Dalam kesempatan tersebut, Rahmat menyampaikan apresiasi kepada seluruh anggota DPRD atas sinergi yang telah terjalin dalam penyelenggaraan pemerintahan dan pembangunan daerah selama tahun anggaran 2025.
Ia menegaskan bahwa keberhasilan pembangunan tidak terlepas dari peran seluruh unsur, baik eksekutif, legislatif maupun yudikatif yang saling mendukung dalam menjalankan tugas dan tanggung jawab masing-masing.
Menurutnya, kritik, saran, dan masukan dari DPRD memiliki peran penting dalam penyempurnaan kebijakan serta program pembangunan daerah.
“Kami telah mencatat seluruh masukan dari fraksi-fraksi DPRD. Semua saran dan kritik tersebut akan menjadi bahan evaluasi untuk meningkatkan kualitas pelaksanaan program pembangunan ke depan,” ujarnya.
Bupati juga mengakui masih terdapat sejumlah target pembangunan yang belum sepenuhnya tercapai.
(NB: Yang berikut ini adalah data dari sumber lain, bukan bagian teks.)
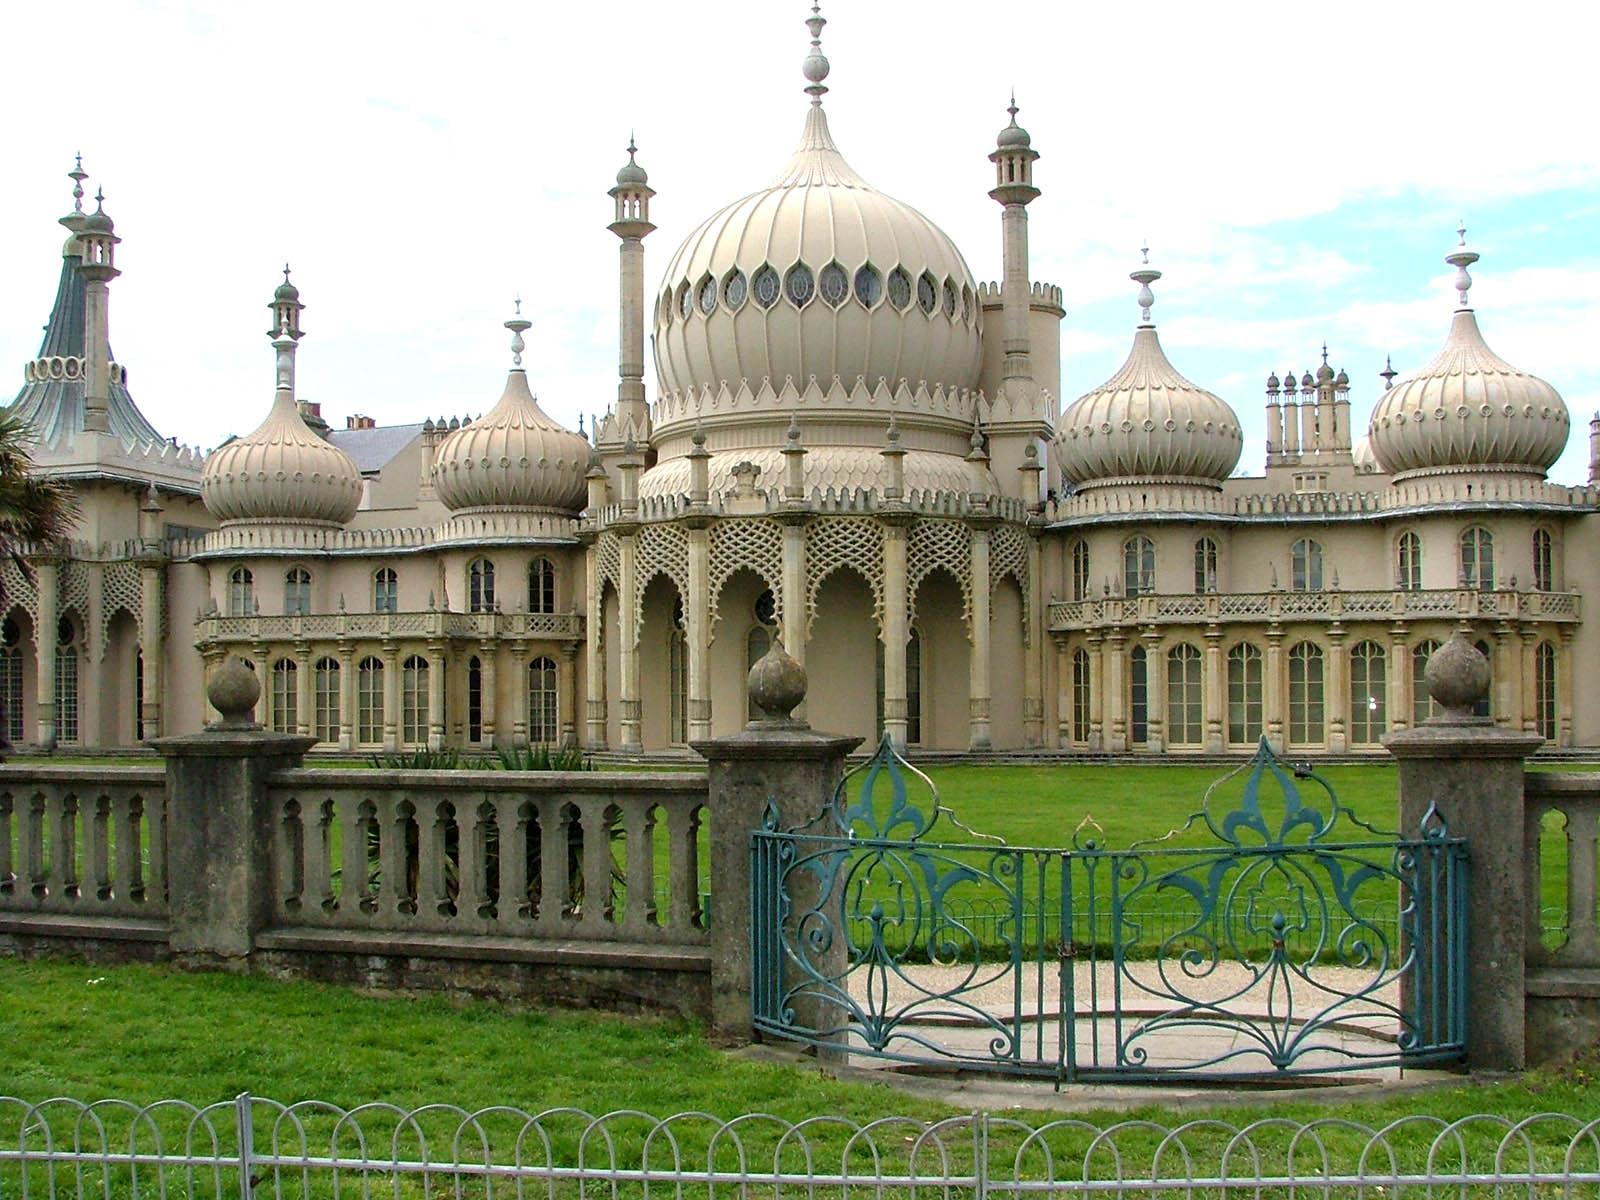 страны архитектура Королевский павильон Брайтон без смс

Di antaranya program rumah layak huni yang masih menyisakan kekurangan dari target yang telah ditetapkan, serta program cetak sawah yang realisasinya belum maksimal akibat berbagai faktor, termasuk kondisi cuaca dan kendala pelaksanaan di lapangan.
Selain itu, Rahmat menyoroti pentingnya peningkatan Pendapatan Asli Daerah (PAD) sebagai langkah strategis menghadapi tantangan fiskal di masa mendatang.
Ia menyebut proyeksi anggaran daerah tahun 2027 diperkirakan mengalami penurunan sehingga diperlukan upaya bersama untuk mengoptimalkan berbagai potensi daerah, termasuk sektor pariwisata dan sumber pendapatan lainnya.
Pemkab Tanah Laut, lanjutnya, berkomitmen meningkatkan kualitas pengelolaan keuangan daerah melalui penguatan sistem pengendalian internal, optimalisasi PAD, serta memastikan setiap program pembangunan memberikan manfaat nyata bagi masyarakat.
Terkait hasil pemeriksaan Badan Pemeriksa Keuangan (BPK), ia menegaskan seluruh rekomendasi akan ditindaklanjuti meskipun Kabupaten Tanah Laut kembali meraih opini Wajar Tanpa Pengecualian (WTP).
Di sisi lain, Pemkab Tala terus mendorong percepatan digitalisasi hingga tingkat desa, khususnya dalam pengelolaan keuangan dan administrasi pemerintahan.
Menutup sambutannya, Bupati Rahmat mengajak seluruh unsur pemerintah, DPRD, dan masyarakat untuk memperkuat kolaborasi dalam menghadapi berbagai tantangan pembangunan. Dengan kerja sama yang solid, ia optimistis berbagai permasalahan dapat diselesaikan demi mewujudkan kesejahteraan masyarakat Kabupaten Tanah Laut. (nurul octaviani)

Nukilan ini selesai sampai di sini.